## Task details:
Within the records below, find the line with "Die Albrechtsburg Schloss" and the line with "Pool Party (DE", then reproduce exactly those two lines and all lines between them, without any picture.

## Given information:
^^^^^^^^^^^^^^^^

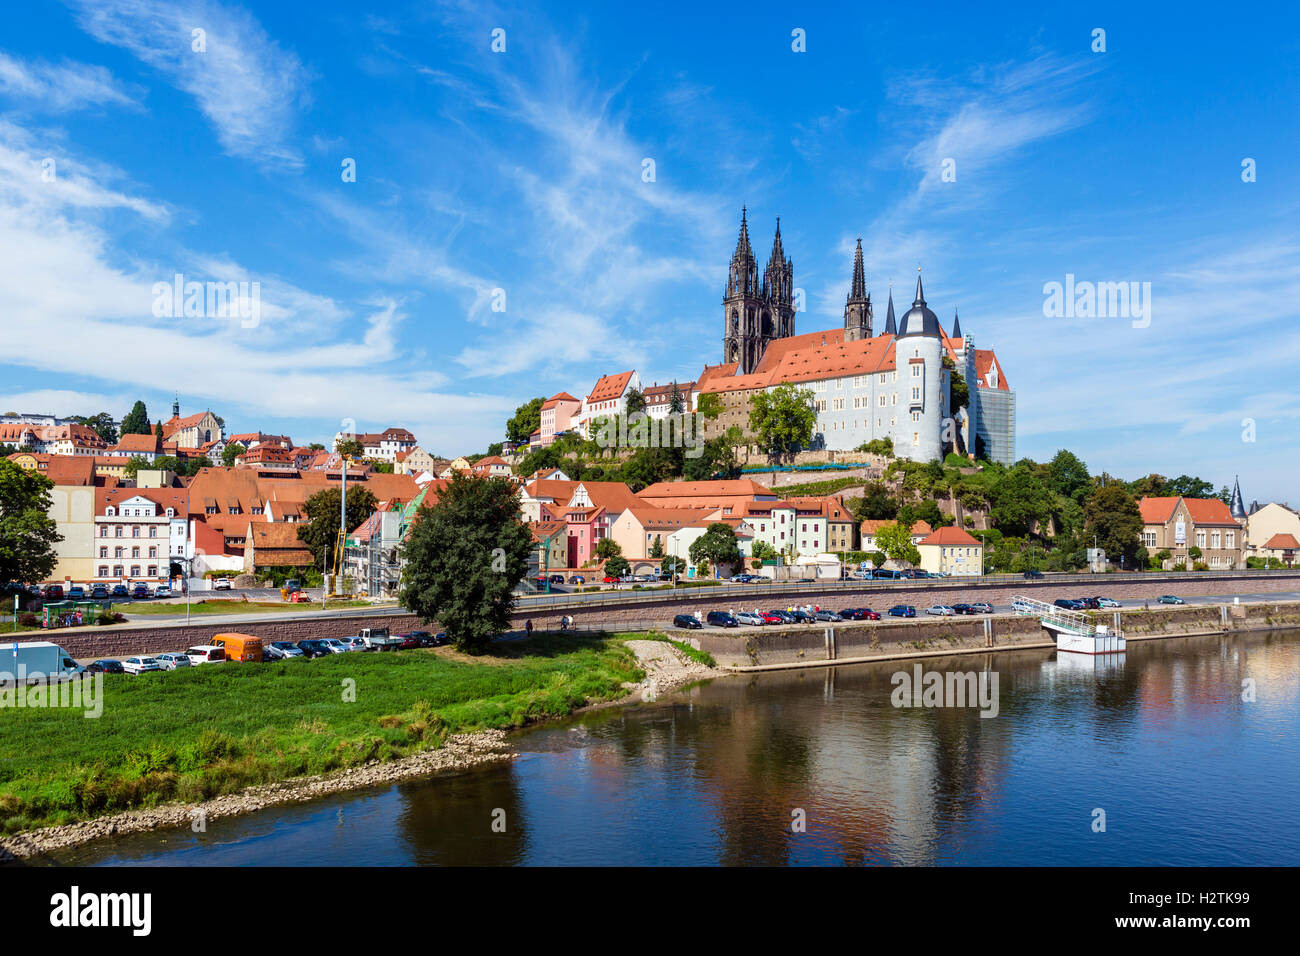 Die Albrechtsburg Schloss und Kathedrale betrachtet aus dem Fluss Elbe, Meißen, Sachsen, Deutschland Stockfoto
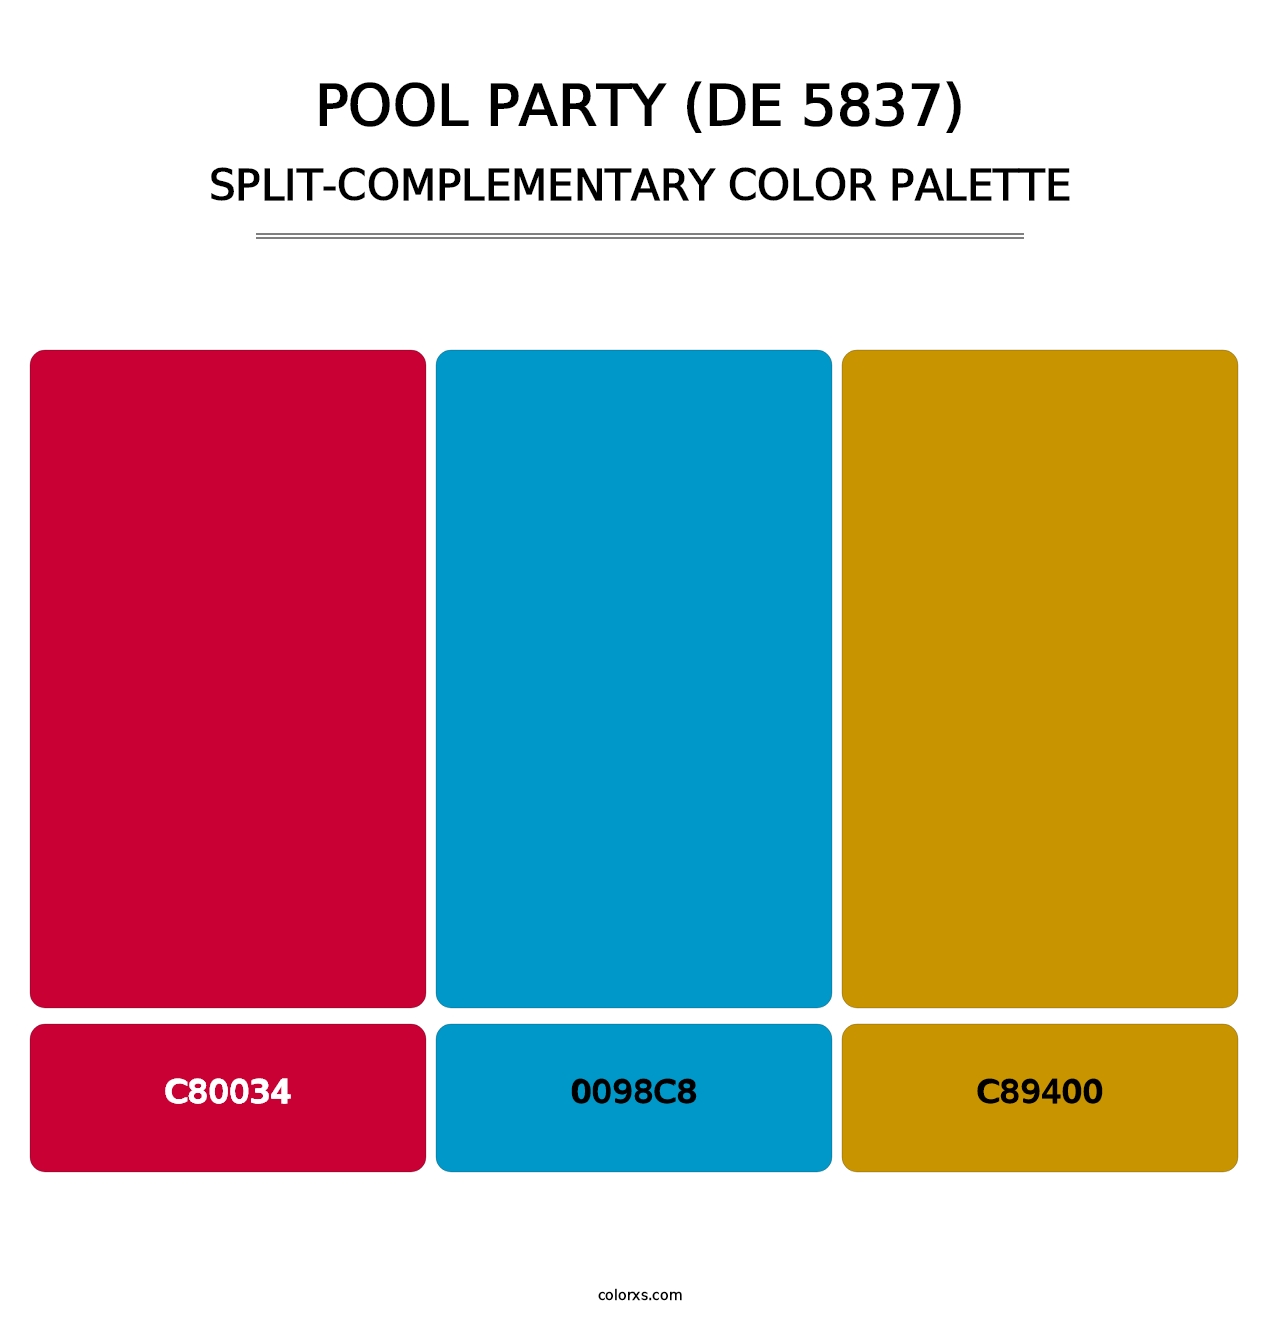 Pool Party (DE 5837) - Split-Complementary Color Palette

^^^^^^^^^^^^^^^^

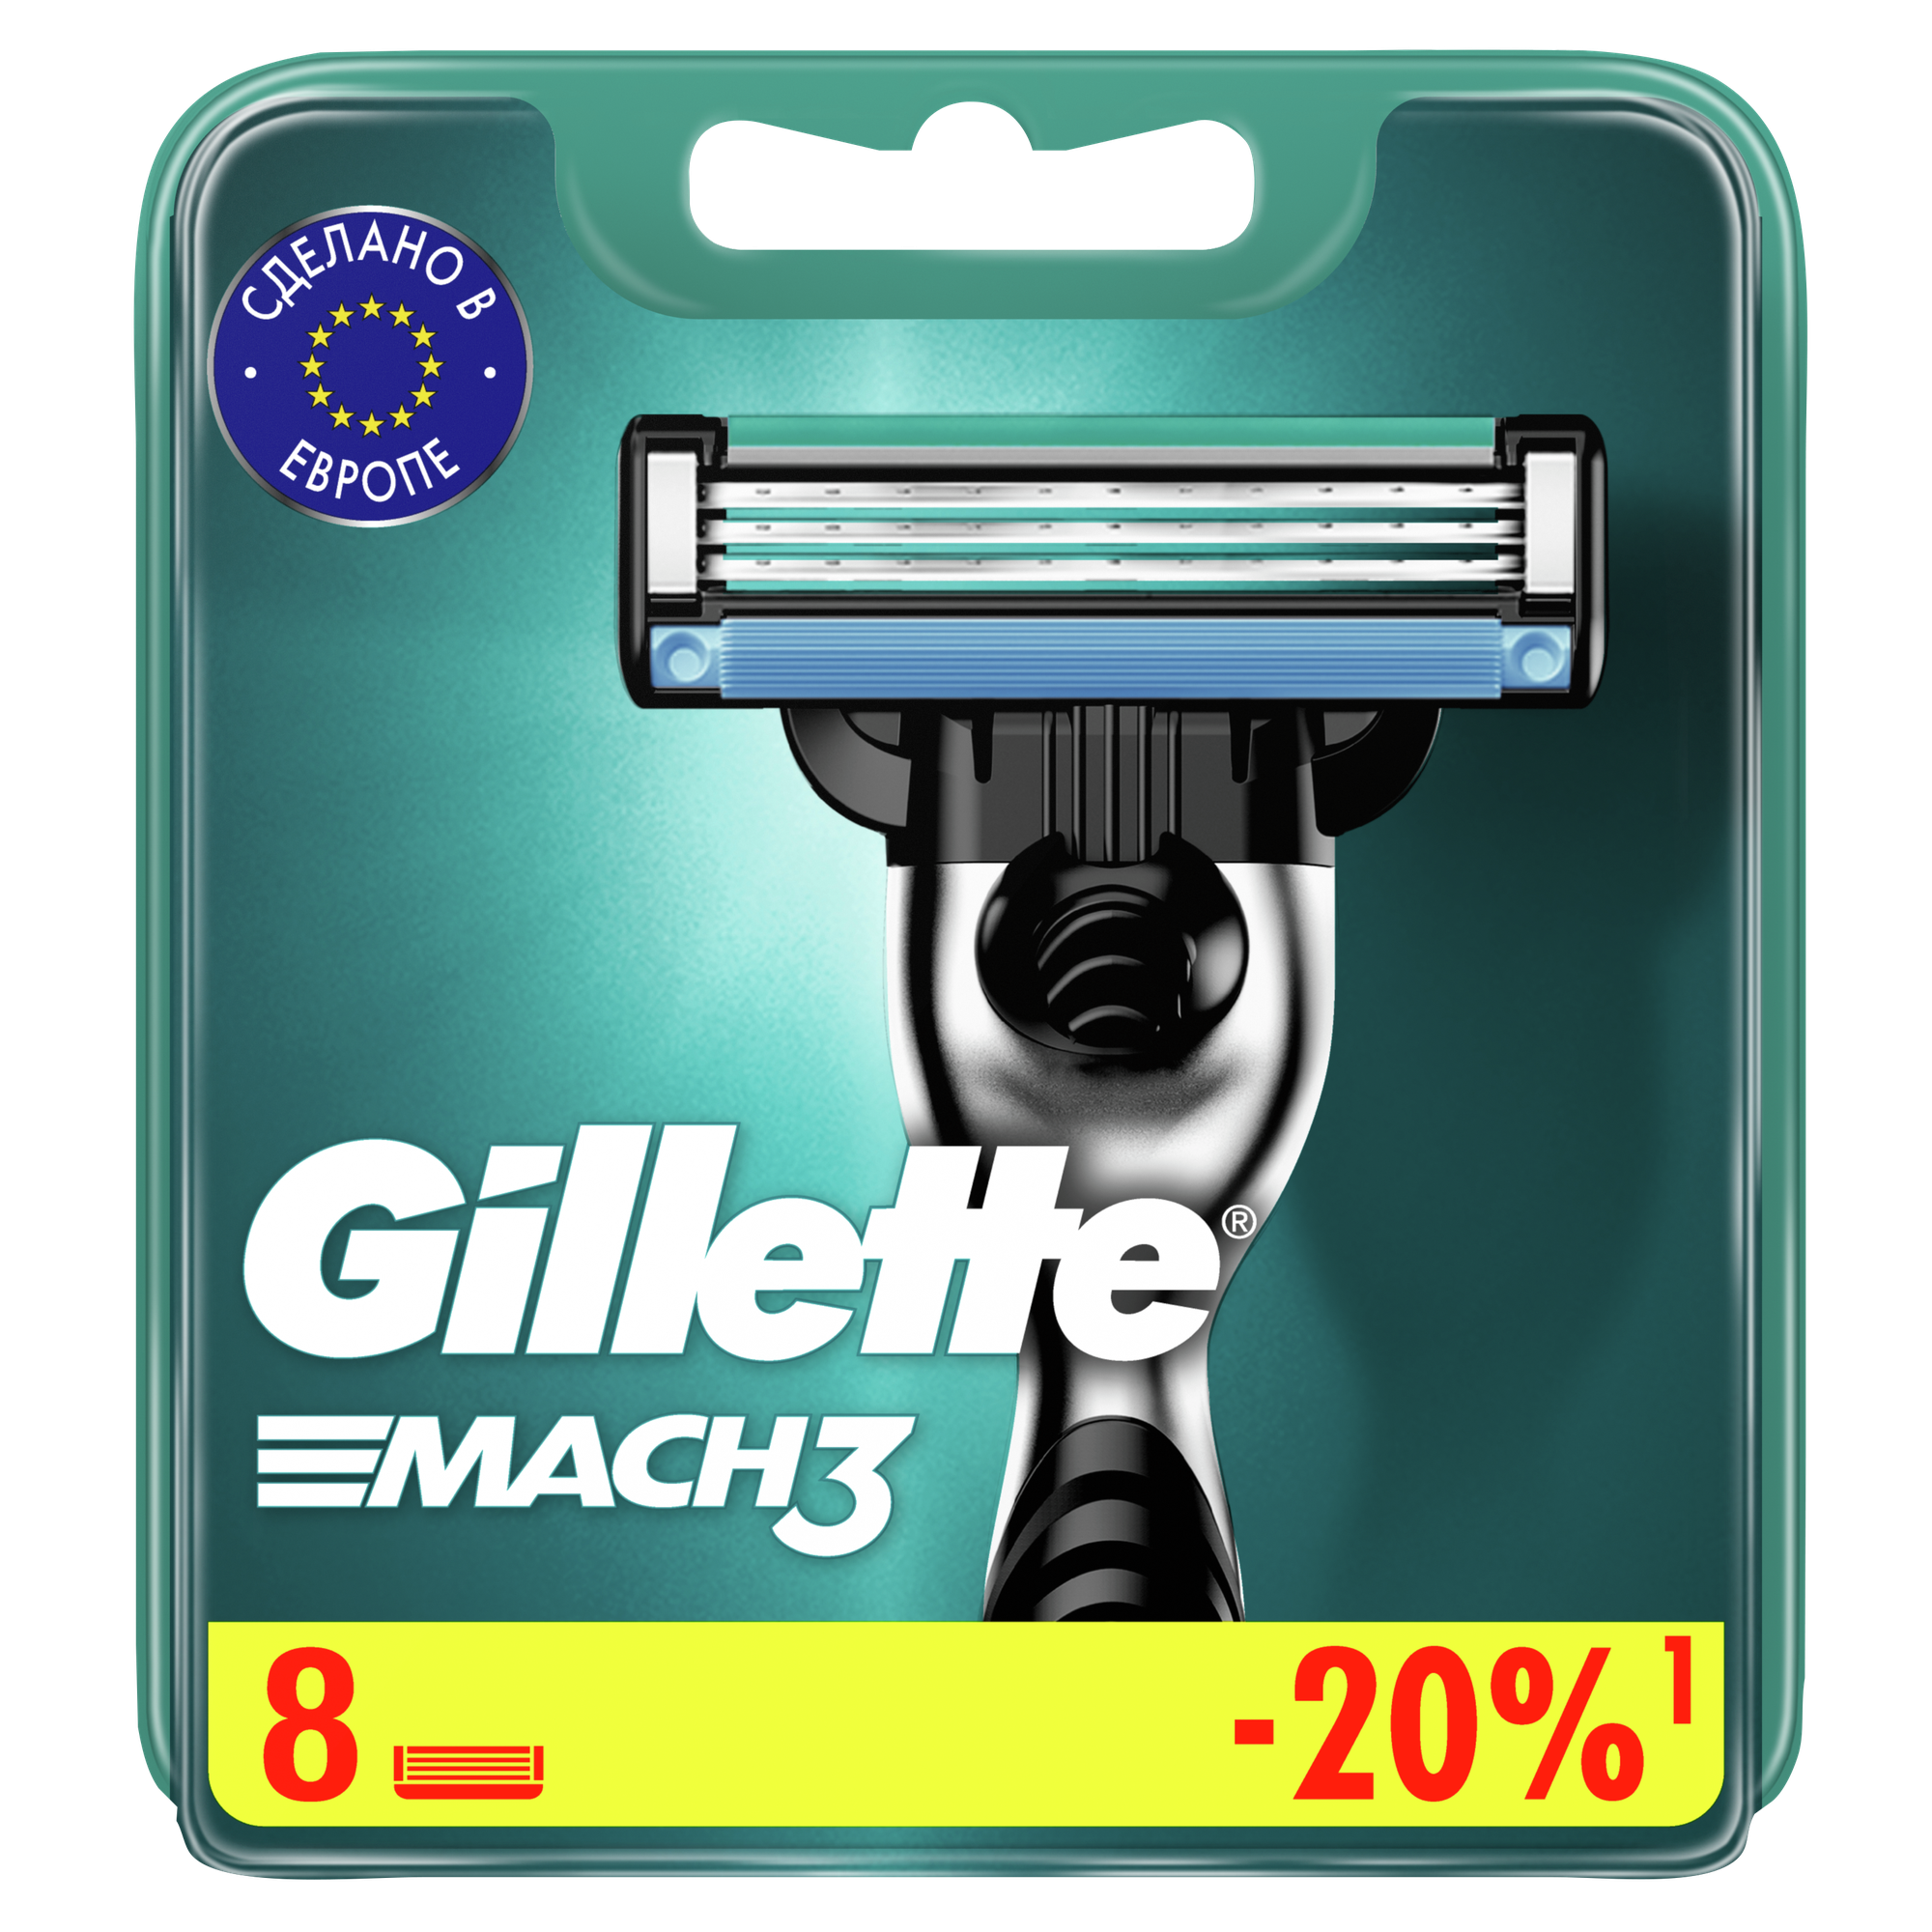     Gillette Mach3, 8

^^^^^^^^^^^^^^^^

## Solved problem:
 Die Albrechtsburg Schloss und Kathedrale betrachtet aus dem Fluss Elbe, Meißen, Sachsen, Deutschland Stockfoto
 Pool Party (DE 5837) - Split-Complementary Color Palette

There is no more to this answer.